1

I'm working through Unix For Poets, and trying make a file containing all words/tokens in the Bible. However, when using tr, as suggested, this includes the empty string. See example below:

> tr -sc 'A-Za-z' '[\12*]' < bible.txt > bible.words
> sed 5q bible.words

The
Project
Gutenberg
EBook

I have read through the man page for tr, without any luck. Any help with understanding why their included would be much appreciated.

EDIT:

First example:

Line from bible.txt:

1:1 Paul, a servant of Jesus Christ, called to be an apostle,

Command which reproduces the unexpected result:

> echo '1:1 Paul, a servant of Jesus Christ, called to be an apostle,' | tr -sc 'A-Za-z' '[\12*]'

Paul
a
servant
of
Jesus
Christ
called
to
be
an
apostle

Expected output:

Paul
a
servant
of
Jesus
Christ
called
to
be
an
apostle

Second example:

Line from bible.txt:

The Project Gutenberg Ebook of The King James Bible

command with same unexpected result:

echo 'The Project Gutenberg EBook of The King James Bible  ' | tr -sc 'A-Za-z' '[\12*]'

The
Project
Gutenberg
EBook
of
The
King
James
Bible

Expected output:

The
Project
Gutenberg
EBook
of
The
King
James
Bible

Note its the prefix empty line I don't understand.

Ola R
  • 13
  • reproduce the problem for 2 lines, show bible.txt for those lines and show our expected and current output – Utsav Jul 02 '17 at 12:19
  • Updated the question with expected and actual output. – Ola R Jul 02 '17 at 12:53
  • I cannot reproduce your second example. echo 'The Project Gutenberg EBook of The King James Bible ' | tr -sc 'A-Za-z' '[\12*]' is not giving me empty first like. However in your first example it is expected as there is a space after 1:1 before next word. – Utsav Jul 02 '17 at 12:59
  • can reproduce with simple 1:1the project as input string... as initial 1:1 will be replaced with newline... won't be a problem if there are alphabets at start of string... 'is1:1the project'... can use grep -oi '[a-z]*' as alternate if your grep implementation supports this – Sundeep Jul 02 '17 at 13:13
  • @Sundeep So '1:1' becomes truncated into '' which is split by a newline due to the space. Is this only the case if the complement characters prefix first word (with a space)? Fx. echo '1:1 Paul 1:1 a a' | tr -sc 'A-Za-z' '[\12]' does not produce an empty line between 'Paul' and 'a'. The first example is reproduced when doing: sed 1q < bible.txt | tr -sc 'A-Za-z' '[\12]', or copying directly from the file. However, it doesn't reproduce when I copy from browser. – Ola R Jul 02 '17 at 13:25
  • @OlaR for '1:1 Paul 1:1 a a' case, all the newlines between Paul and a are squeezed to single newline... that is what -s option is for... remove it and see it in action for yourself – Sundeep Jul 02 '17 at 13:36

1 Answers1

3

You need to understand the tr options at work here to know what's going on.

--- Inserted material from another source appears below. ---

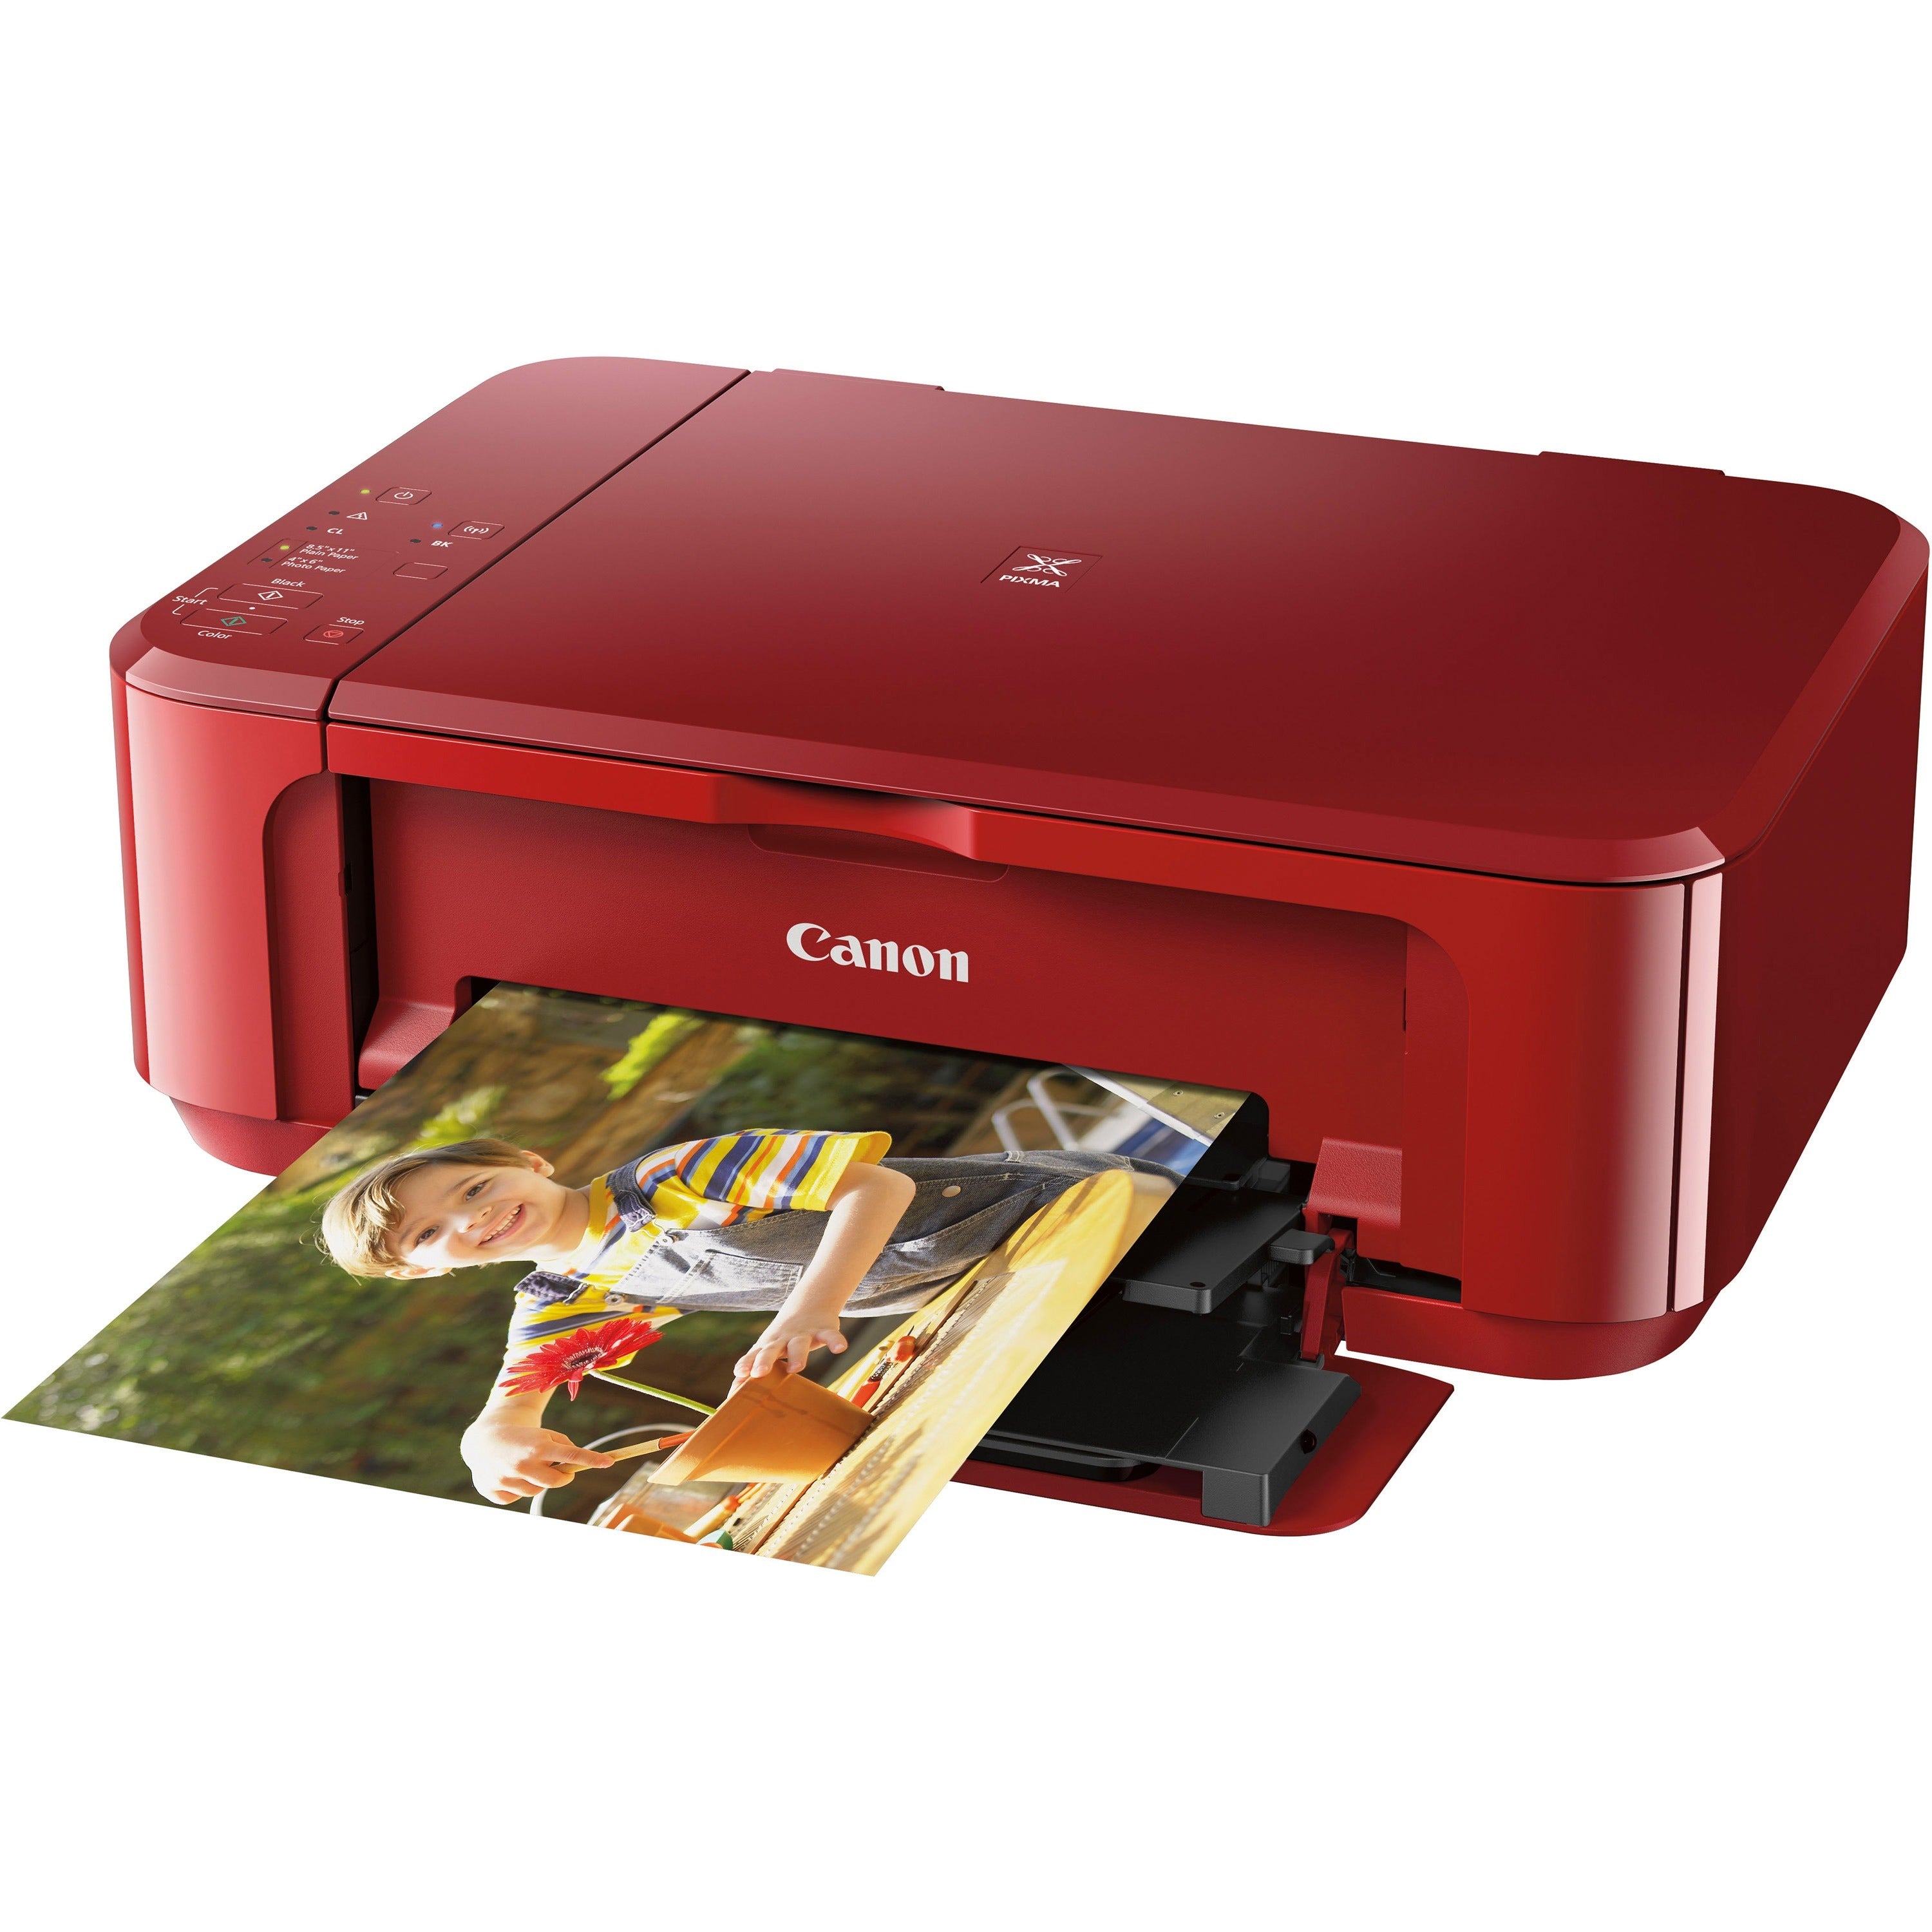 Canon PIXMA MG3620 Wireless Inkjet Multifunction Printer - Color - Red - Copier/Printer/Scanner - 4800 x 1200 dpi Print - Automatic Duplex Print - Color Flatbed Scanner - 1200 dpi Optical Scan - Wireless LAN - Apple AirPrint, Mopria, Wireless PictBri - 1

  1. -c => complement the first character set. Means, any chars not found in the first char set are to be selected. In your case, 'A-Za-z' will imply any nonalphabetics like a space, a number, a newline, a control char would be chosen.
  2. -s => multiple consecutive chosen chars are to be squashed in as a one.
  3. The second set is the chars that are to be mapped into. \12 is the octal ascii for a newline.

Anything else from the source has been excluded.